I then turned to another popular option: IBKR. This seemed perfect, and I even got everything running on an old linux laptop that was configured with a cron job to run daily. And then, I learned that IBKR wouldn't allow me to make fractional orders for my stocks, a limitation that only exists through the API. But, this still allowed me to place fractional orders through their mobile interface.

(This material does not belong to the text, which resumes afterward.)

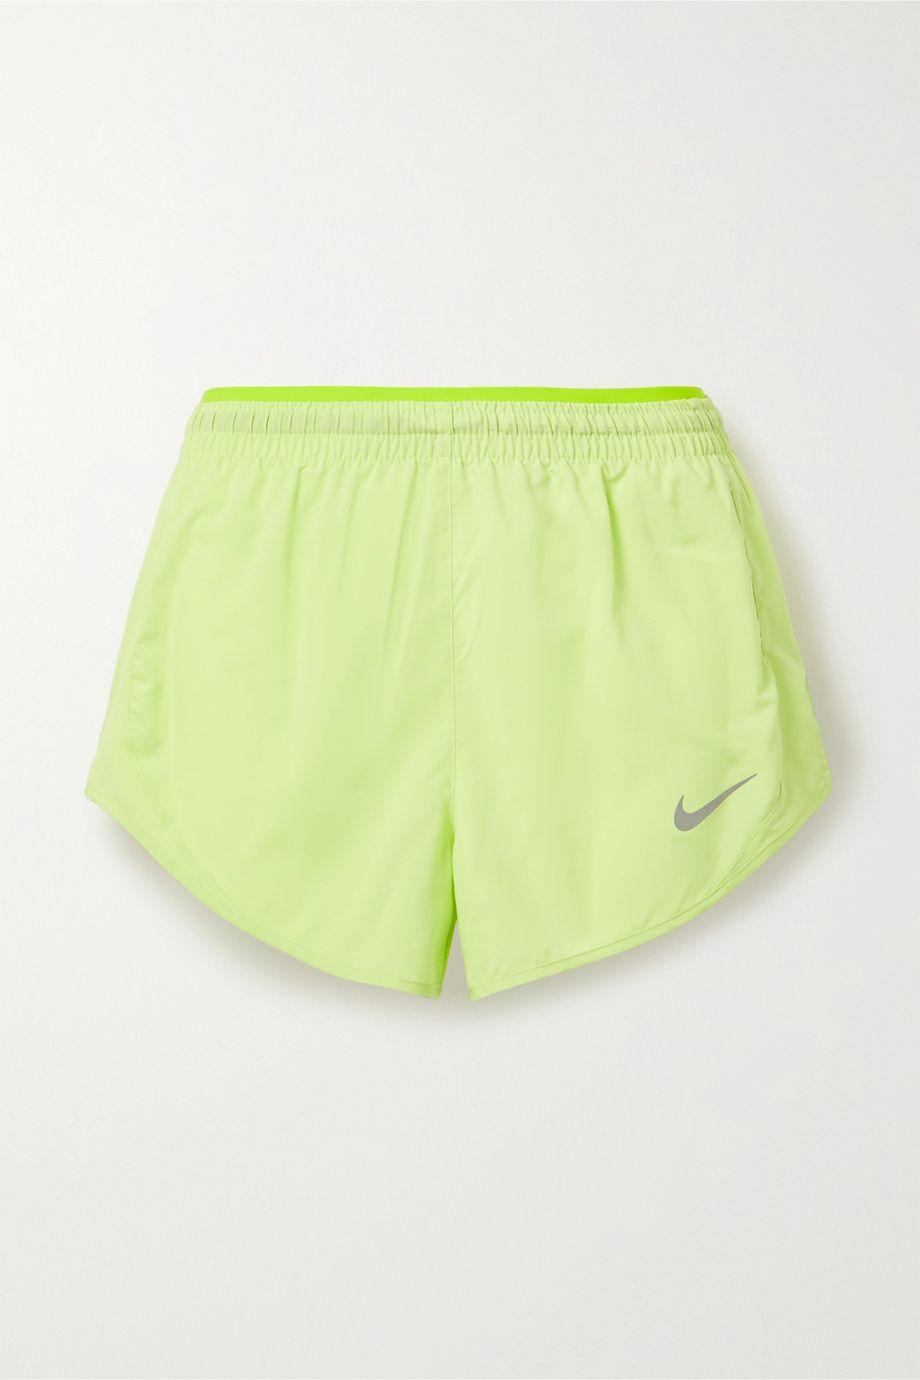 Nike Tempo Lux Dri-FIT shorts

So, the final solution became a GitHub actions workflow that runs the strategy and sends me an email with the desired position. Then, I simply go to the IBKR app and execute the trade. While sub-optimal, this seemed to be a happy middle ground with getting something "deployed" while allowing me to move onto other projects.

Lessons

Decouple your systems. Like I mentioned, switching to using yfinance for market data gave me a platform-agnostic strategy module. This meant that I only needed to modify the trader module to execute trades through the chosen platform, allowing me to experiment across providers faster.

Don't wait, it takes less time than you think. This is contradictory to Hofstadter's Law which states: "It always takes longer than you expect, even when you take into account Hofstadter's Law". I agree that the overall timeline usually takes longer, but the work itself is often less intimidating than just starting. In my case, it was probably a week's worth of intentional effort to prototype, backtest, and deploy a strategy (including all of the deployment headaches and experimentation). However, I kept bleeding time between the different parts of the process and it took be around 4 months instead.

Editor's Note

I'd like to end by noting that I didn't deploy the strategy that I outlined above. I had some fun with prototyping different strategies and I encourage you to do the same. When I said "intentional effort", I meant to spend time critically thinking and intently working on the problem, not losing months telling yourself that you'll "get around to it later" when you could have finished it in a few intentional days.

Also, prioritize making progress in as lean a way as possible. The less blocking factors in your way, like unessecarily setting up an ubuntu laptop or waiting for the perfect 3 hour block, the faster you can make mistakes and learn. I have a tedency to get lost in "what do I need" as opposed to "what can I do with what I have". The art of taking that first step forward is something I'm continually refining and I implore that you learn from my mistakes.